There are plenty of hopeless romantics left in this world and if you are dating one, they may well be short of cash after February the 14th because, according to the Daily Mail, the delivery price of a dozen red roses is on average 58% higher on Valentine's Day.

It doesn’t stop there, cinemas have also seen an average price increase of 36%. Netflix, anybody?

In all honesty, no cliché has been done to death more than a bunch of red roses to signify love but, if you absolutely insist, take a leaf out of Homer’s book and raid the Kwik-E-Mart for reduced to clear flowers a day late.

3. Thousands of soppy Facebook status’

From the outbreak of the Ebola virus, to the discovery of the Higgs boson particle and Donald Trump becoming US president, The Simpsons has been accurately predicting the future since 1989.

Remember the Valentine’s Day episode with an Elton John cameo when the wives of Springfield become jealous of the attention Apu gives to his wife Manjula? This piece of social commentary fits today.

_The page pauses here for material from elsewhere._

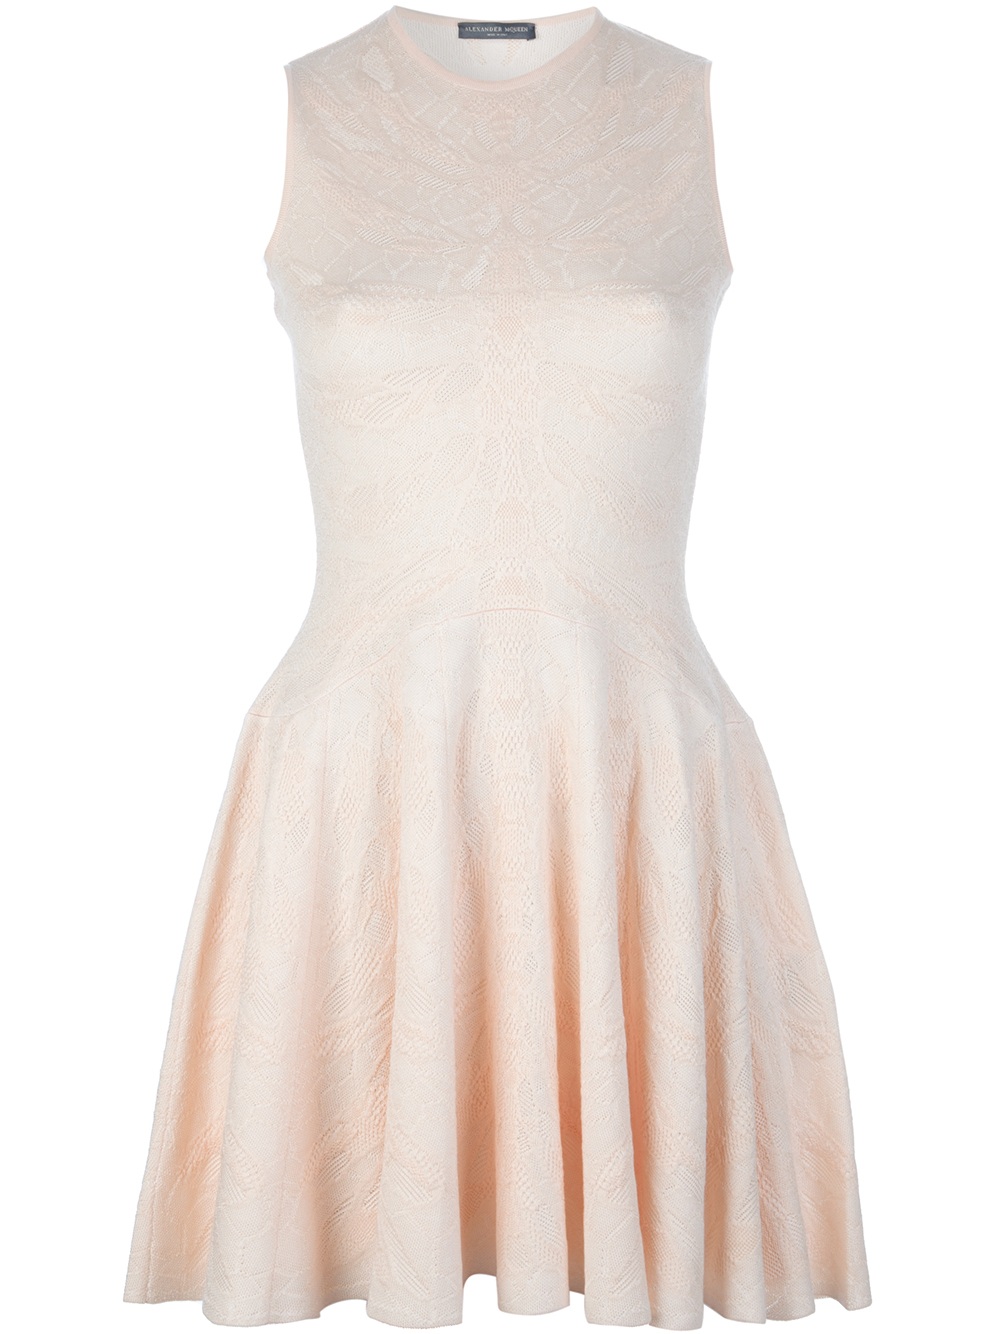 Alexander McQueen Texture Sleeveless Dress in Ivory (White) - Lyst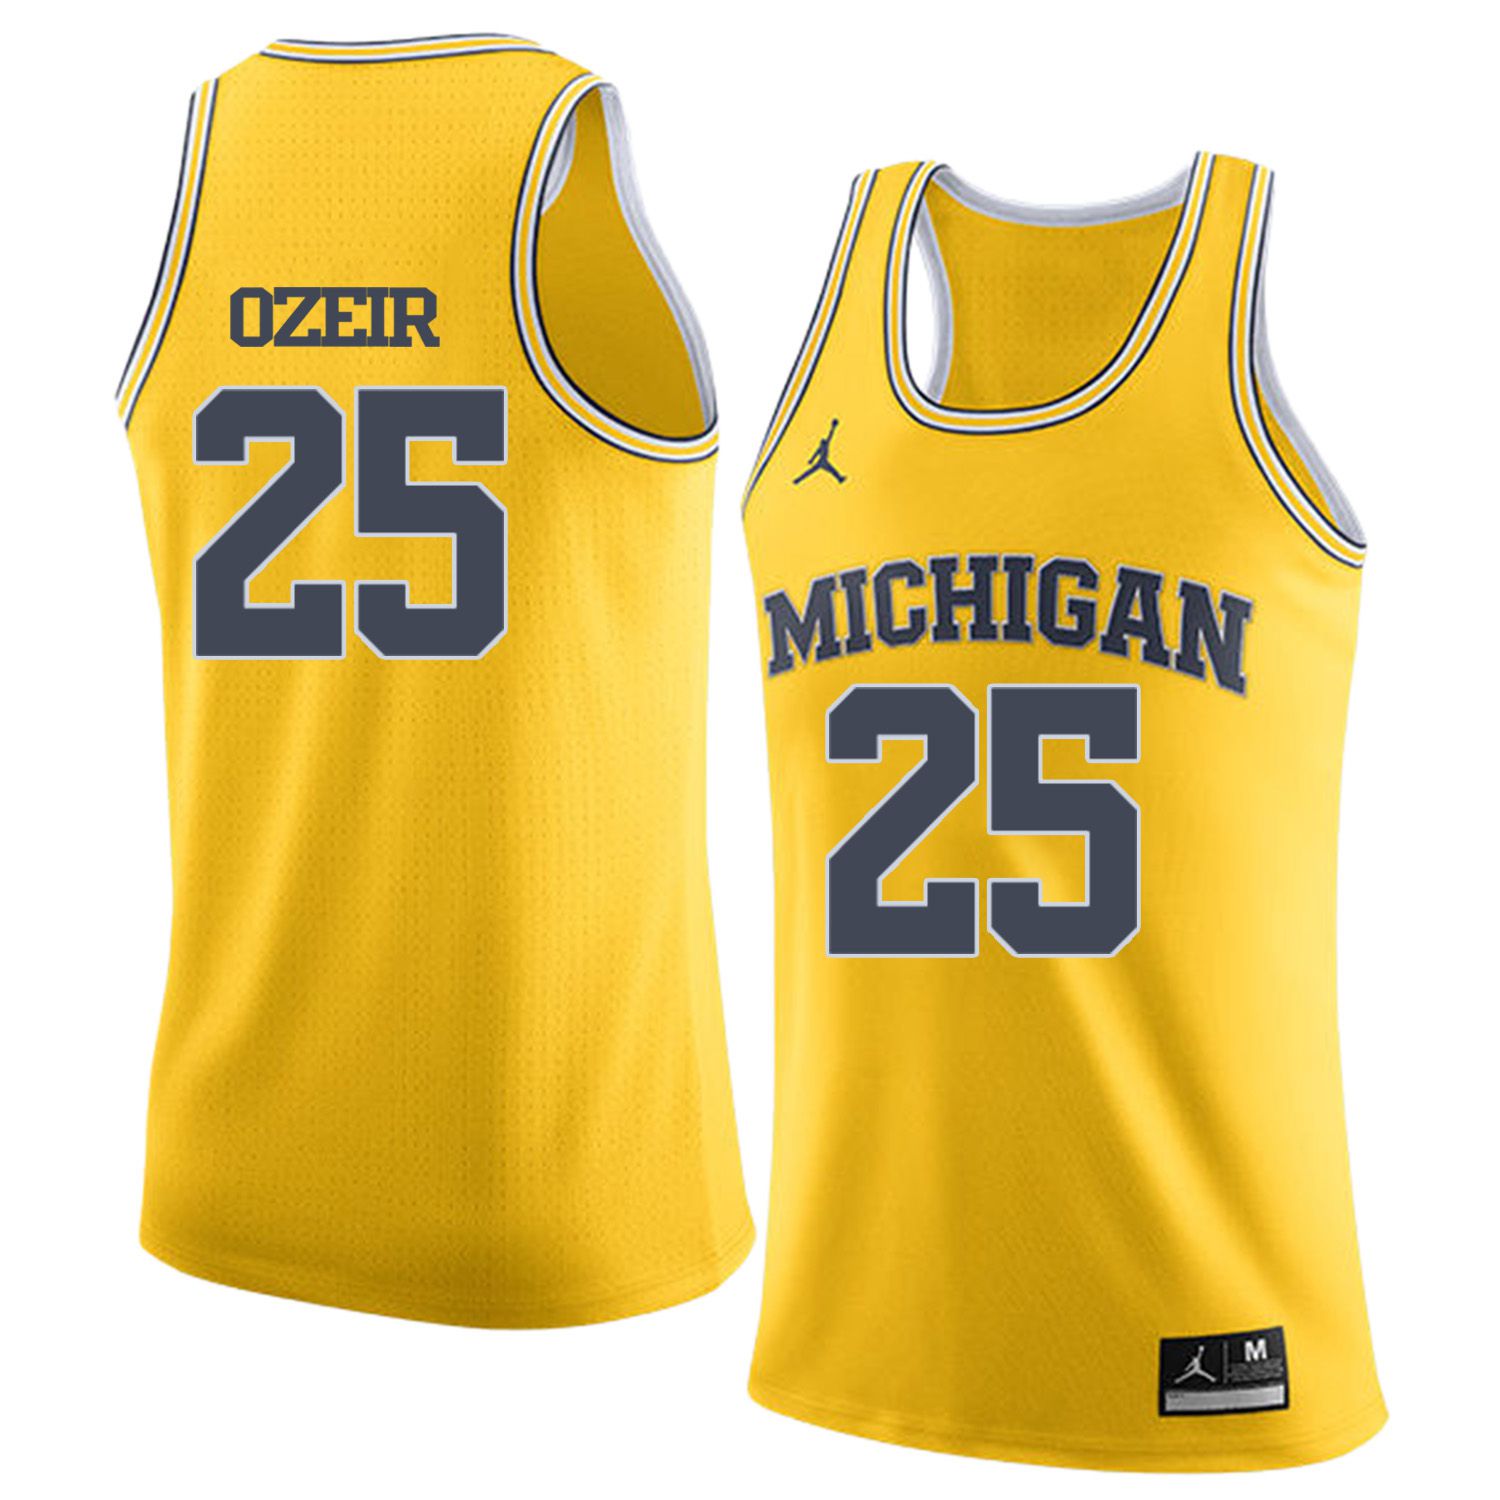 Men Jordan University of Michigan Basketball Yellow #25 Ozeir Customized NCAA Jerseys

Those who log onto Facebook on February the 14th ought to have a strong stomach because people’s cringe-worthy status’ devoting their unwavering love to their ‘soulmate’ is enough to make you throw up.

True romance is logging out while everybody else logs in, zigging when others zag. Don’t get caught up in the crossfire of soppy exchanges, wait a while and pick your moment. 

4. Hotel rooms cost more

If you booked a hotel room this Valentine’s, I have one word only for you. D’oh! 

That’s because a Trivago study has found UK hotel prices can more than double, making February the 14th one of most expensive days of the year for a romantic night away. Worse still, Valentine’s Day falls on the same dates as February half term and families looking to go on holiday have been priced out by the spike.

With over £700 million being invested in love across Britain this Valentine’s Day, picking any of the other 364 days of the year to celebrate would surely be better.